And, after each boy had been named from one of the dead Cayugas, he gave me a string of wampum to confirm it, while the chant of condolence rose from the seated chiefs and sachems, a never-ending repetition of brave histories, and prophecy of brave deeds from the beginning of all things through the stilled centuries into the far future locked in silence.
Hour after hour I stood with bent head and arms folded on my breast. Sometimes I prayed as I stood, that evil be averted from these wards of our King; sometimes I grew hot with anger at the men who could so vilely misuse them.
Dreaming there amid the scented birch-smoke, the chant intoning with the mourning pines, sombre visions took shape within my brain. I could not lay these ghosts, awful spectres of ruin and death crowding around a pallid, flabby, toothless creature of silks and laces, my Lord Dunmore, smirking at Terror wearing the merciless mask of Butler.
Around me the ceremony of condolence seemed to change to the sinister and grotesque Honnonouaroria or Dream Feast, with its naked demons hurling fire-brands; I swayed where I stood, then stumbled back out of the scented smoke which had nigh stupefied me. I opened my eyes dizzily. My ears were ringing with the interminable chant:
"Sah-e-ho-na,
Sah-e-ho-na."
I crossed my arms and waited, careful to keep out of the sweet smoke which had stolen away my senses and set me dreaming of horrors.

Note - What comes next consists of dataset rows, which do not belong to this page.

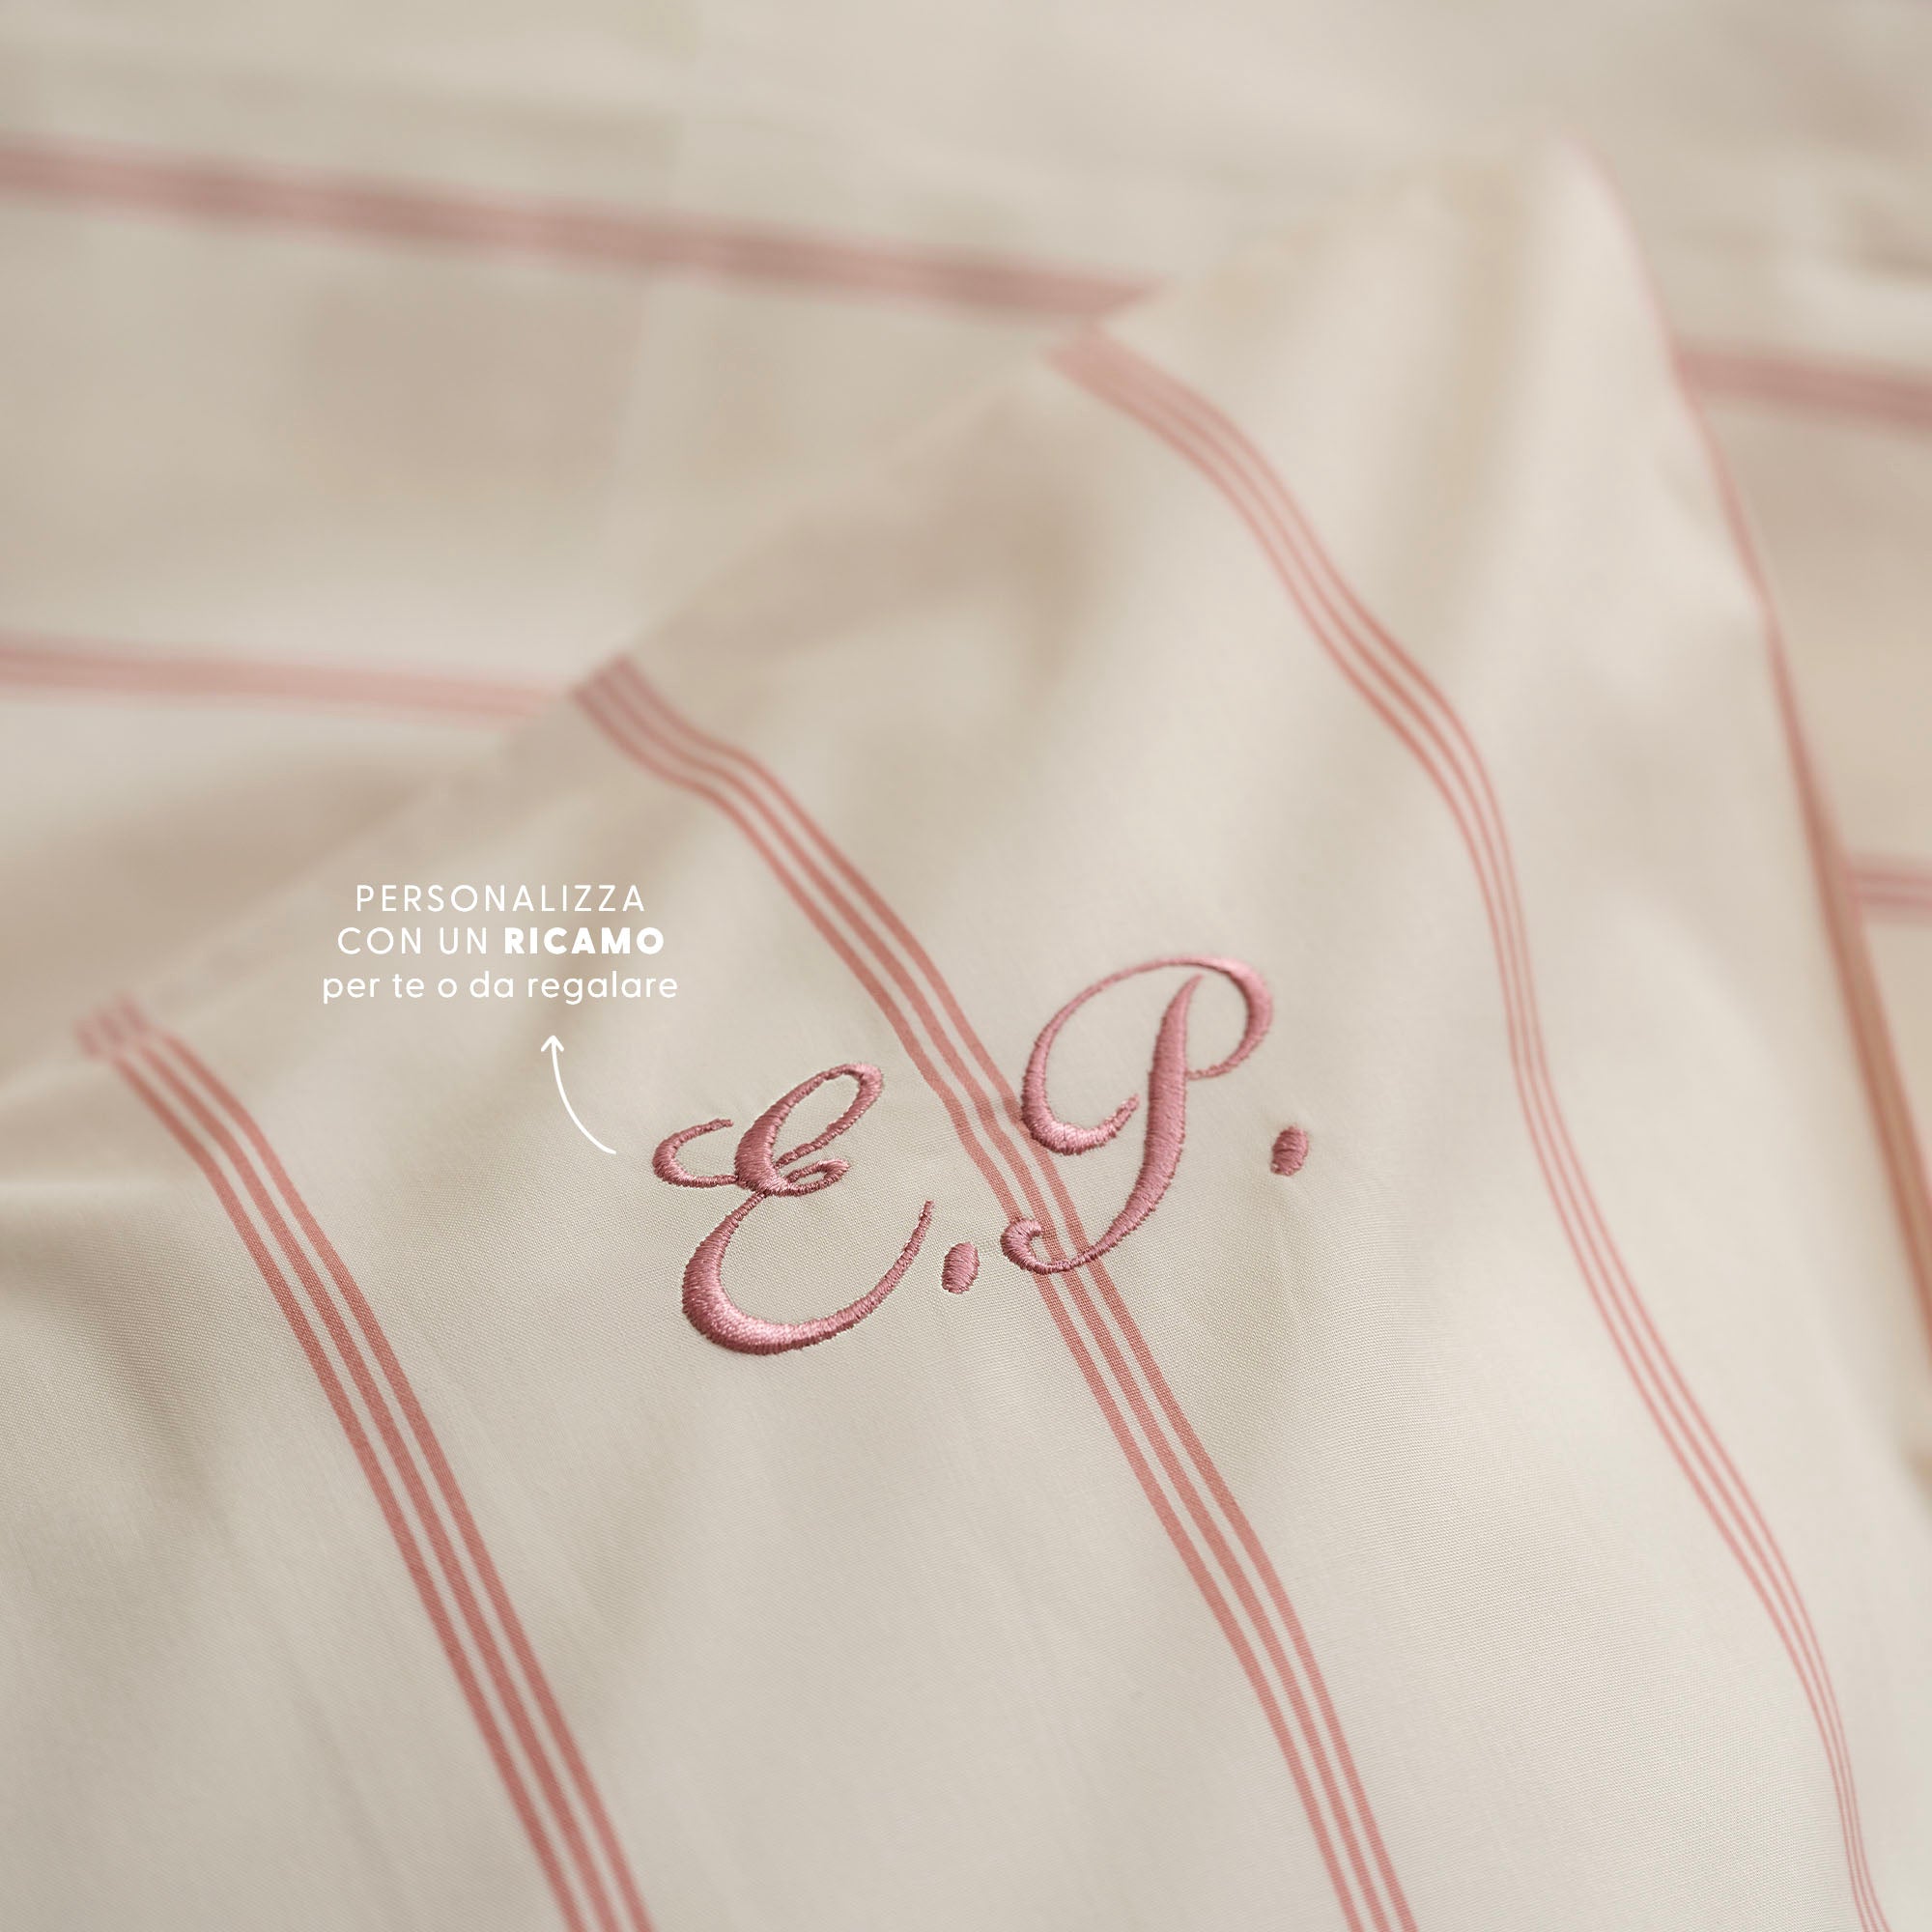 Dettaglio ricamo personalizzato su cuscino a righe crema e rosa antico Dalfilo
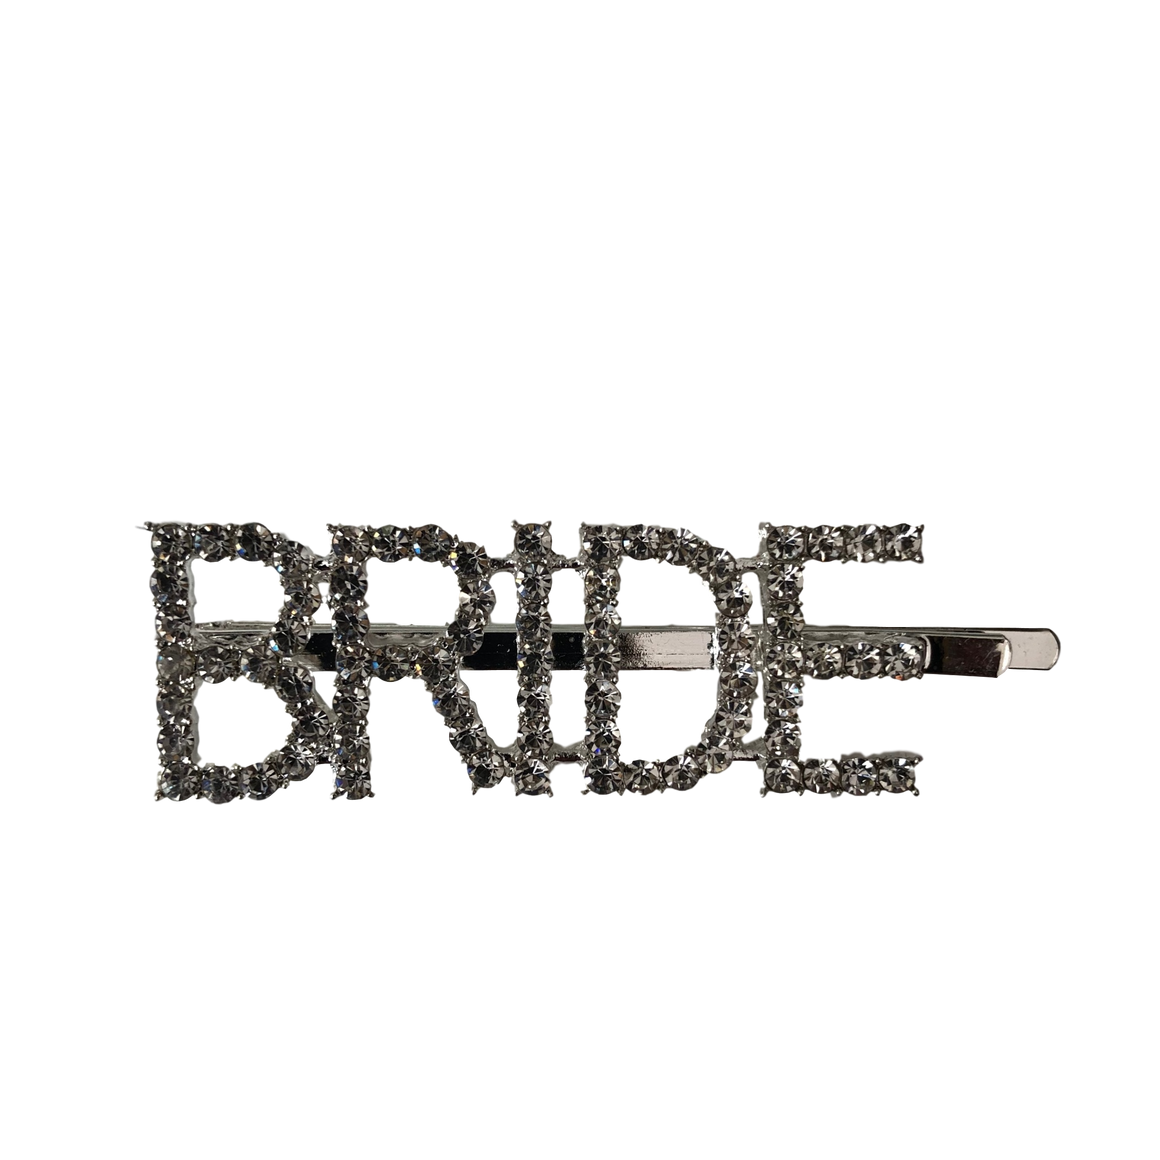 BRIDE and TEAM BRIDE barrette
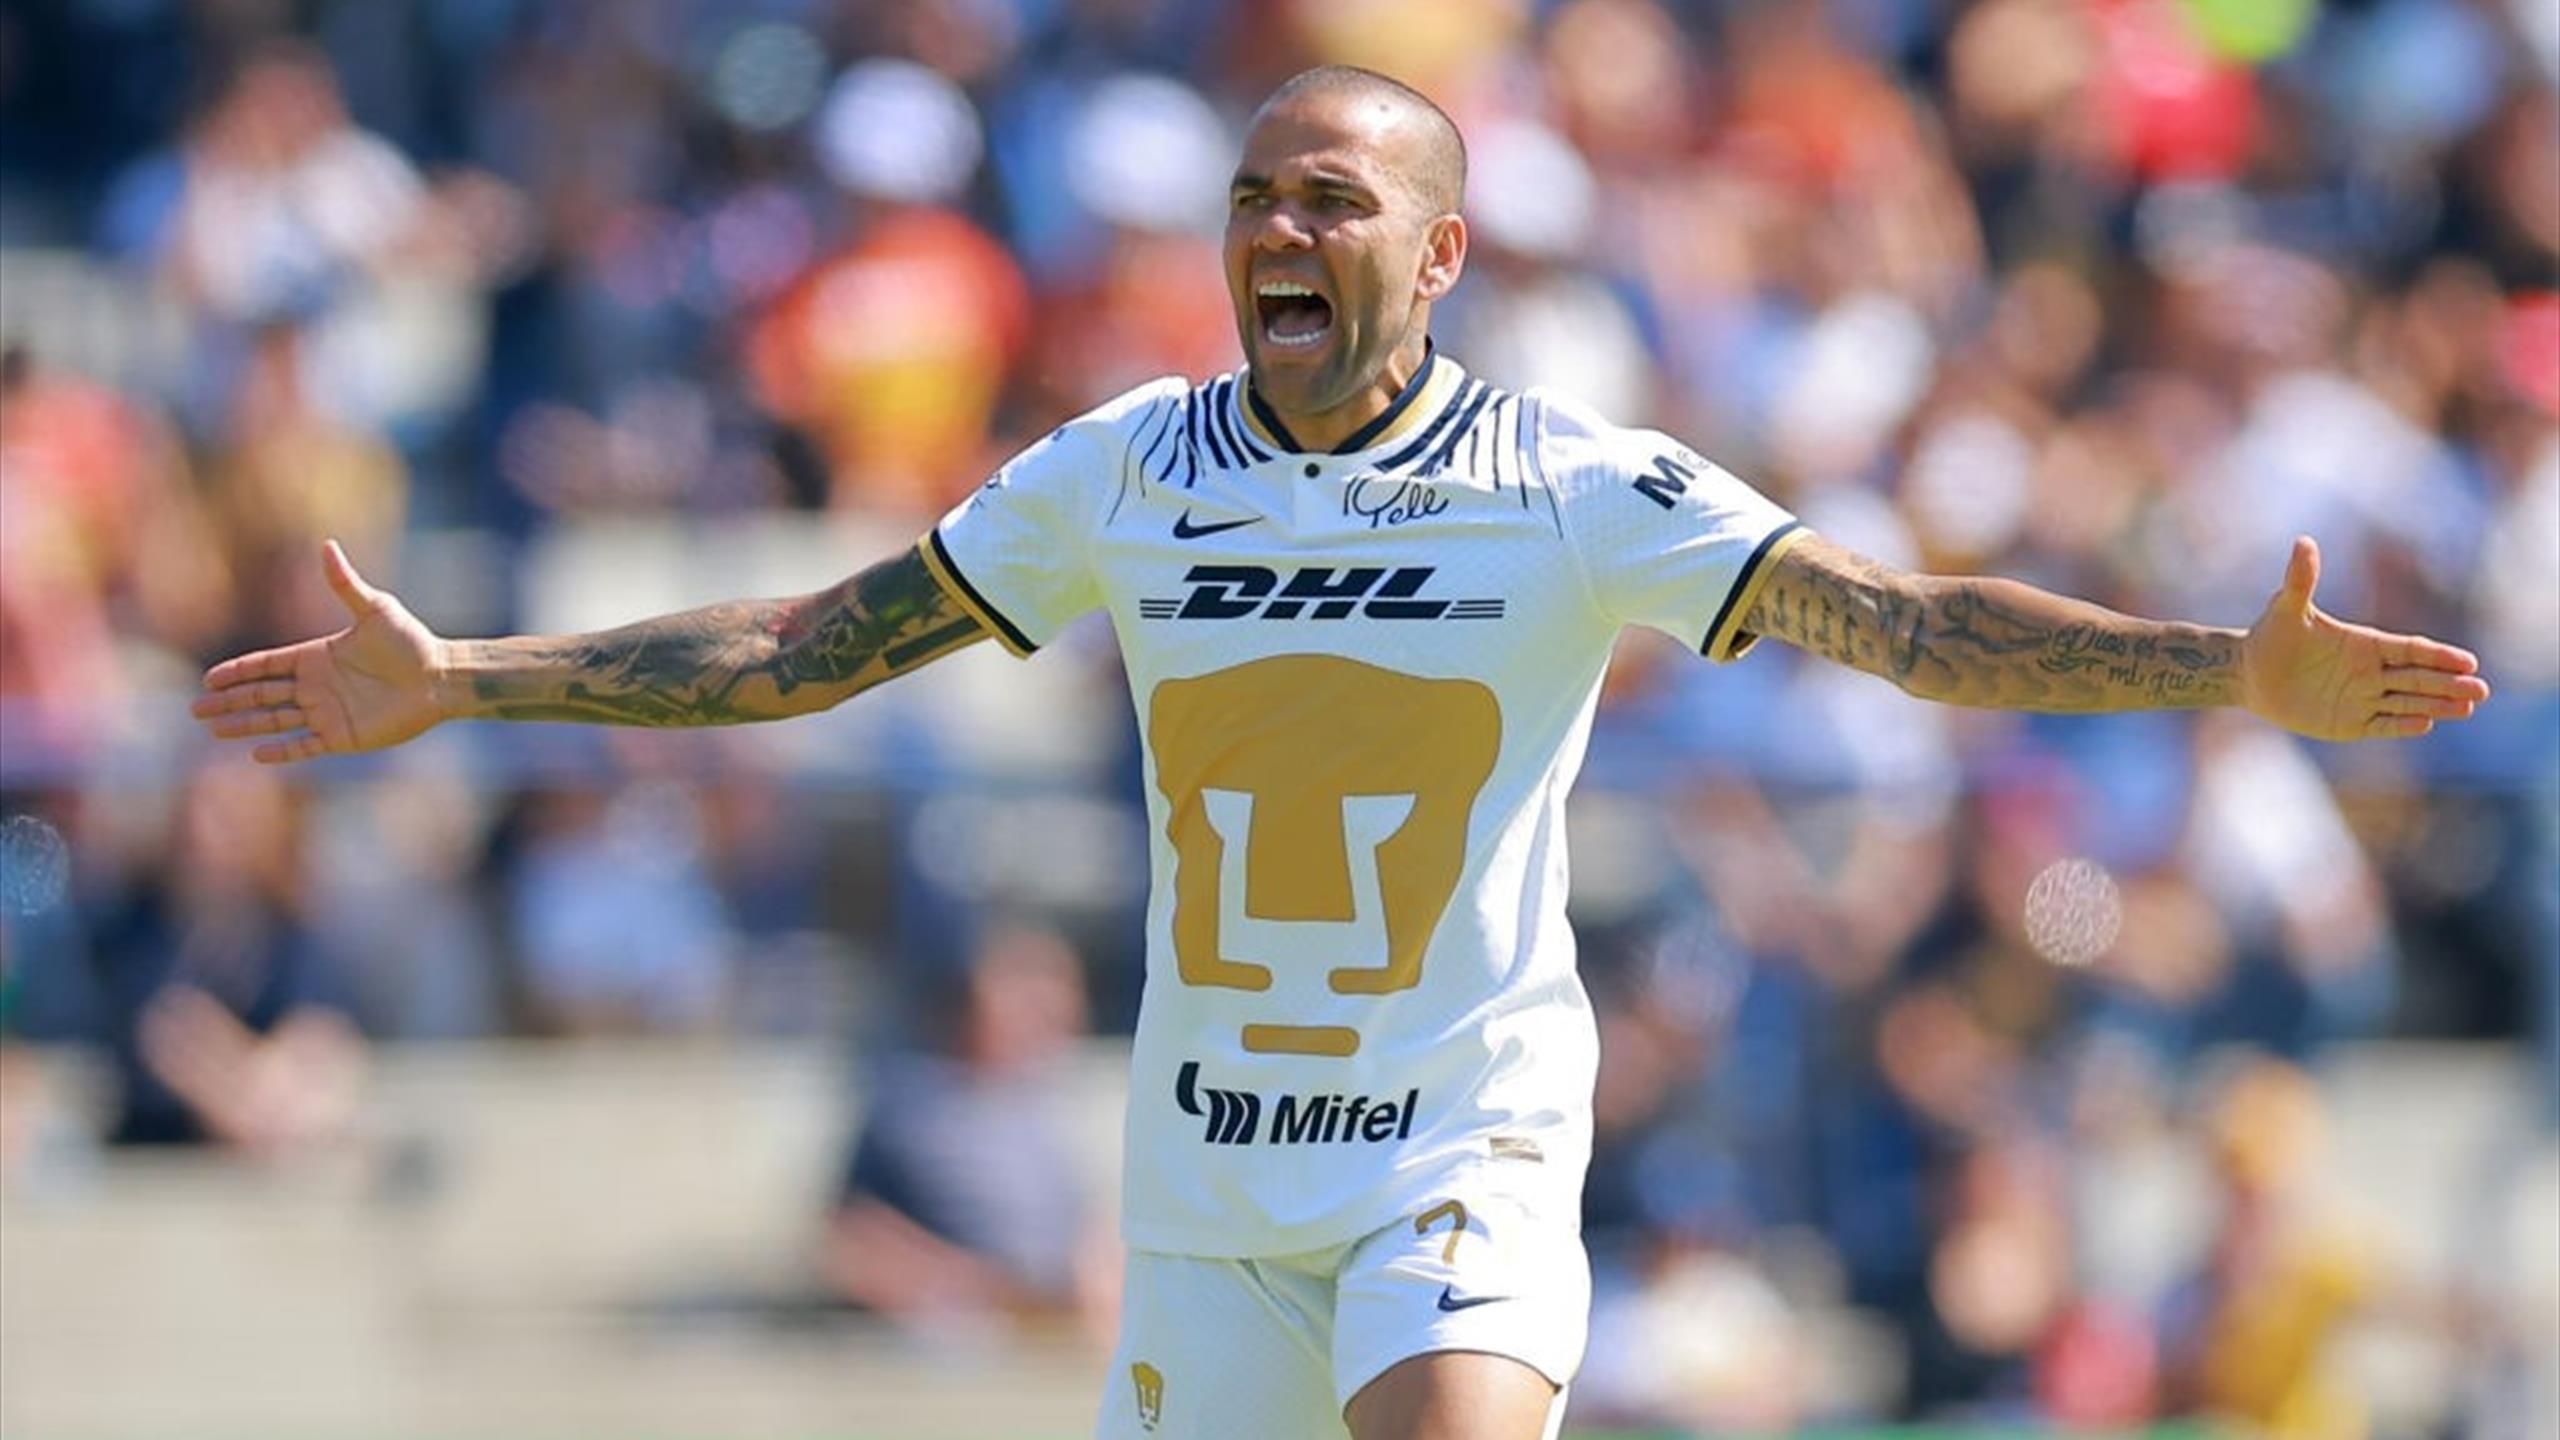 Fútbol | El Pumas UNAM despide a Dani Alves tras su presunta agresión sexual - Eurosport

The sun hung above the pines; a slender purple cloud belted it, a celestial belt in pledge of promised storms, gathering somewhere beyond the world's green rim.
I watched the cloud growing; the sun died out through a golden smother from which plumes of vapour swept over the heavens, thickening till all the sky was covered with painted fleece. And, as I watched the storm's banners hanging from midheaven, the chant ended, and, in silence, three chiefs arose and moved towards me through the smoke. One by one they spoke to me, naming themselves: Yellow Hand, Tamarack, the ancient sachem robed in scarlet, and lastly the war-chief, Sowanowane.